A Boeing CH-47 Chinook transport helicopter appears over the U.S. embassy compound in Kabul, 15 Aug 2021. Image from Twitter via libertyunyielding.com
To reprise a line from a decade-old column of mine:
Afghanistan is about Afghanistan – if you’re Afghan or Pakistani. But, if you’re Russian or Chinese or Iranian or European, Afghanistan is about America.
That’s the point to remember: if you’re an Afghan schoolgirl, today is the fall of Kabul; elsewhere, in the chancelleries of allies and enemies alike, it’s the fall of America. Even by their usual wretched standards, the world’s most somnolent media are struggling to stay up to speed on the story. Here’s the scoop from USA Today:
Taliban’s Afghanistan Advance Tests Biden’s ‘America Is Back’ Foreign Policy Promise
You don’t say! Did he misread the prompter, or mishear the guy in his ear? “America is on its back”, surely?
But don’t worry, the world’s most lavishly over-funded “intelligence community” is on the case:
Kabul Could Fall To The Taliban Within 90 Days, U.S. Intelligence Warns
Thank you, geniuses. That was Thursday. So it turned out to be well within ninety hours — which is close enough for US intelligence work.
Was this the same “seventeen intelligence agencies” who all agreed Russia had meddled in the 2016 election — and with whose collective intelligence only a fool would disagree?
Or perhaps it was only one intelligence agency — most likely the crack agents of the highly specialized Federal Unitary Central Kabul Western Intelligence Tracking Service.

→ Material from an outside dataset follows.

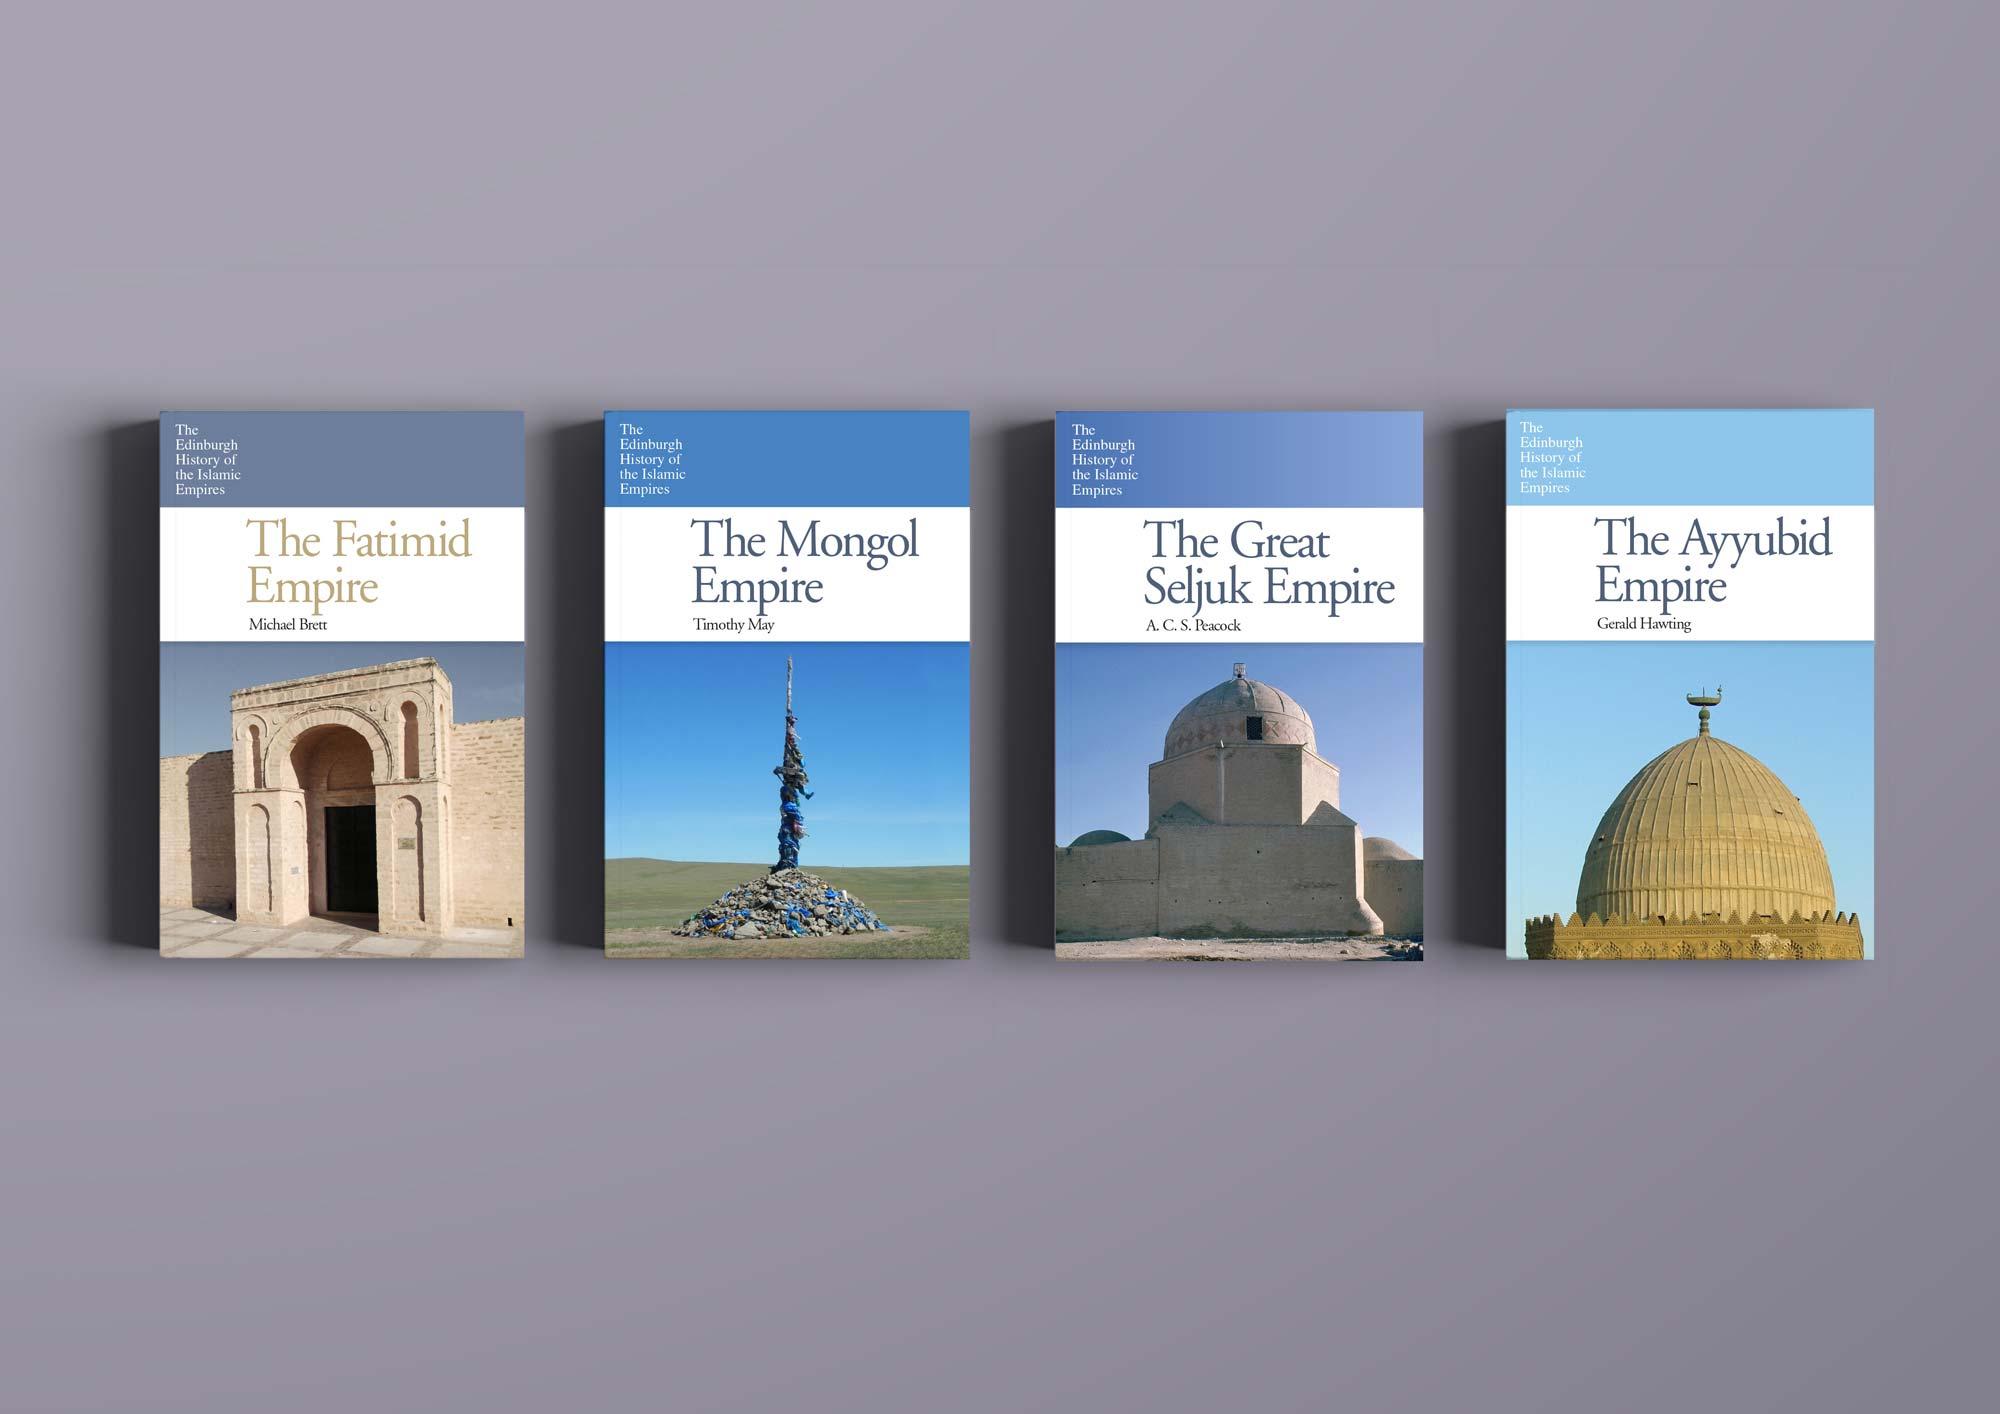 EUP__History-of-Islamic-Empires_series_richardbudddesign.jpg

To modify Hillary Clinton, what difference at this point would it make if the US government simply laid off its entire “intelligence community”?
Indeed, what difference would it make if it closed down its military? Obviously, it would present a few mid-life challenges for its corrupt Pentagon bureaucracy, since that many generals on the market for defense lobbyist gigs and board directorships all at once would likely depress the going rate. But, other than that, a military that accounts for 40 per cent of the planet’s military spending can’t perform either of the functions for which one has an army: it can’t defeat overseas enemies, and it’s not permitted to defend the country, as we see on the Rio Grande.
So what’s the point?
Oh, oh, but, if a nation doesn’t have an army to defend it, a quarter-of-a-million foreign invaders could just walk into the country with impunity every month!

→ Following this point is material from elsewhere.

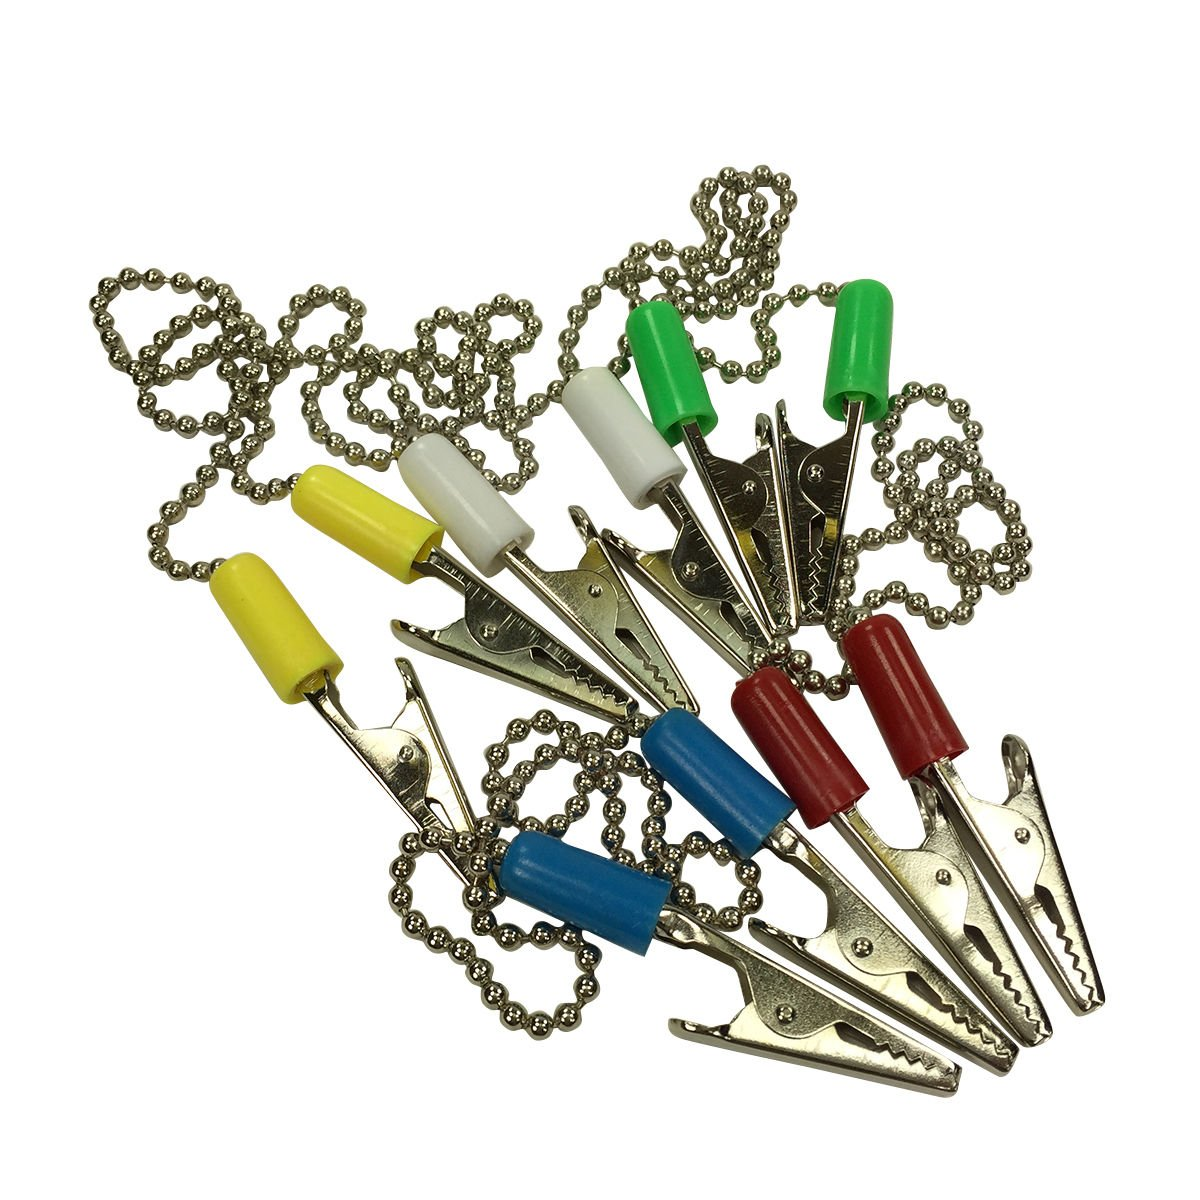 5* Dental Patient Bib Clips Chains Napkin Holder Flexible metal chain colorful

The scale of America’s global humiliation is so total that I see my friends at Fox News cannot even bear to cover it. As I write, every other world network — the BBC, Deutsche Welle, France 24, not to mention the Chinese — is broadcasting the collapse of the American regime in real time; on Fox, meanwhile, they’re talking about the spending bill and the third Covid shot and the dead Haitians … as if the totality of the defeat is such that for once it cannot be fixed into the American right’s usual consolations (“well, this positions us pretty nicely for 2022”).

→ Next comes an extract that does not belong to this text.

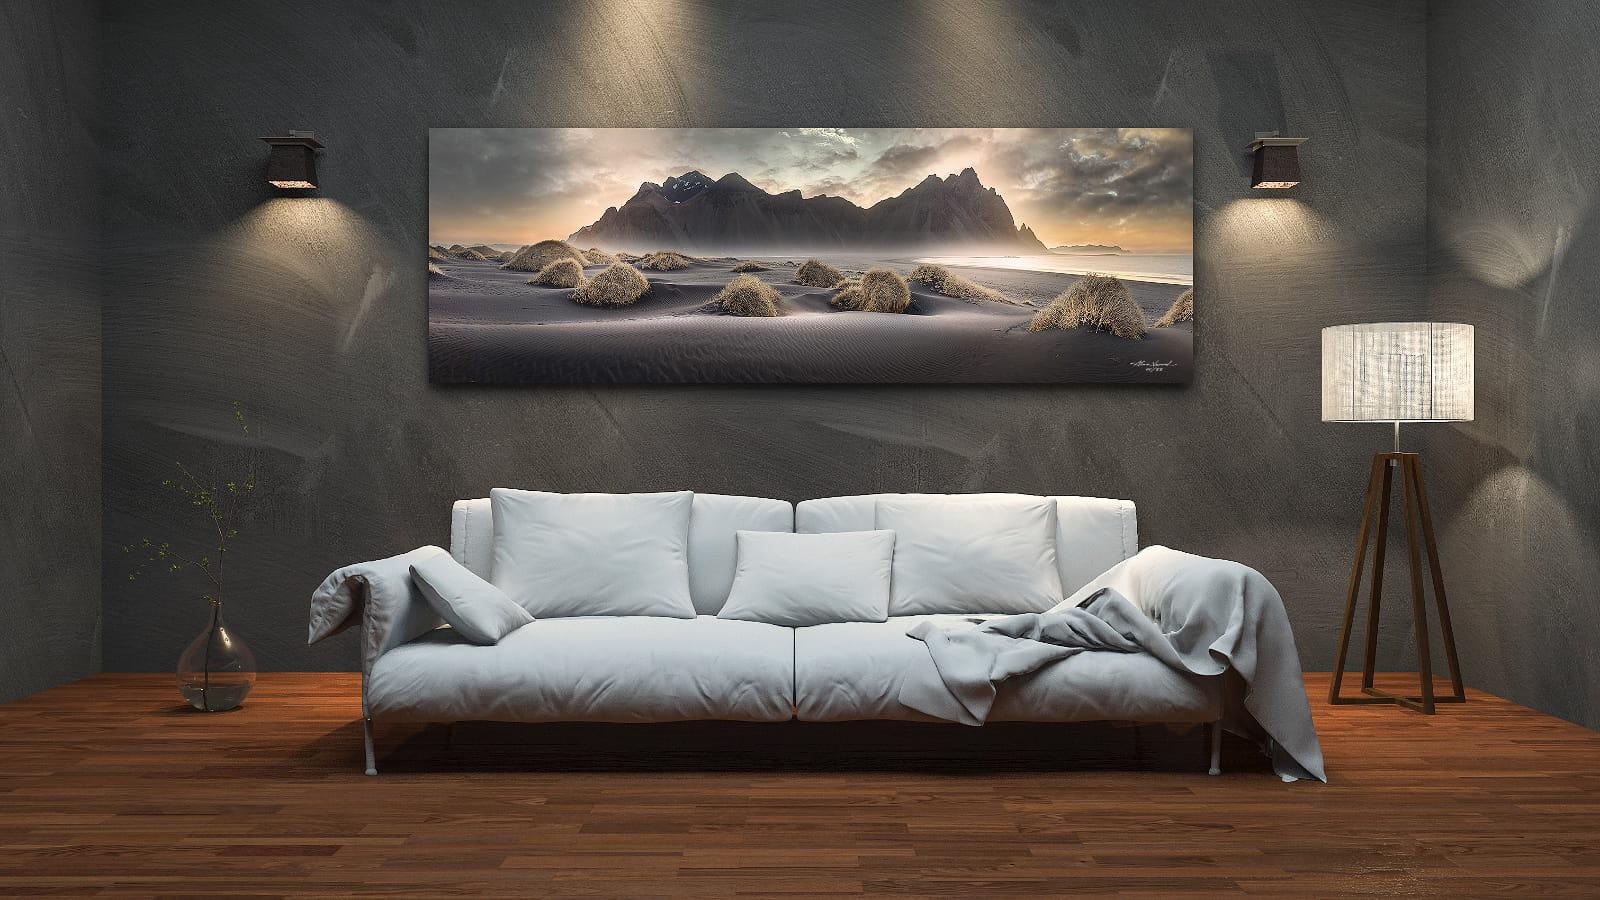 Alexander Vershinin, Luxury, Fine Art, Interior Design photo

On the leftie side, of course, the court eunuchs have risen as one to protect the Dementia Kid, and are working as hurriedly as the Kabul document-shredders in an effort to figure out a way to blame it all on Trump.
Of course, retreating from Kabul is kind of a western military tradition:

Remnants of an Army (1879) by Elizabeth Butler portraying William Brydon arriving at the gates of Jalalabad as the only survivor of a 16,500 strong evacuation from Kabul in January 1842.
Public domain image via Wikimedia Commons.
The remnants of an army, Jellalabad (sic), January 13, 1842, better known as Remnants of an Army, is an 1879 oil-on-canvas painting by Elizabeth Thompson, Lady Butler. It depicts William Brydon, assistant surgeon in the Bengal Army, arriving at the gates of Jalalabad in January 1842. The walls of Jalalabad loom over a desolate plain and riders from the garrison gallop from the gate to reach the solitary figure bringing the first word of the fate of the “Army of Afghanistan”.
Supposedly Brydon was the last survivor of the approximately 16,000 soldiers and camp followers from the 1842 retreat from Kabul in the First Anglo-Afghan War, and is shown toiling the last few miles to safety on an exhausted and dying horse. In fact a few other stragglers from the Army eventually arrived, and larger numbers were eventually released or rescued after spending time as captives of Afghan forces.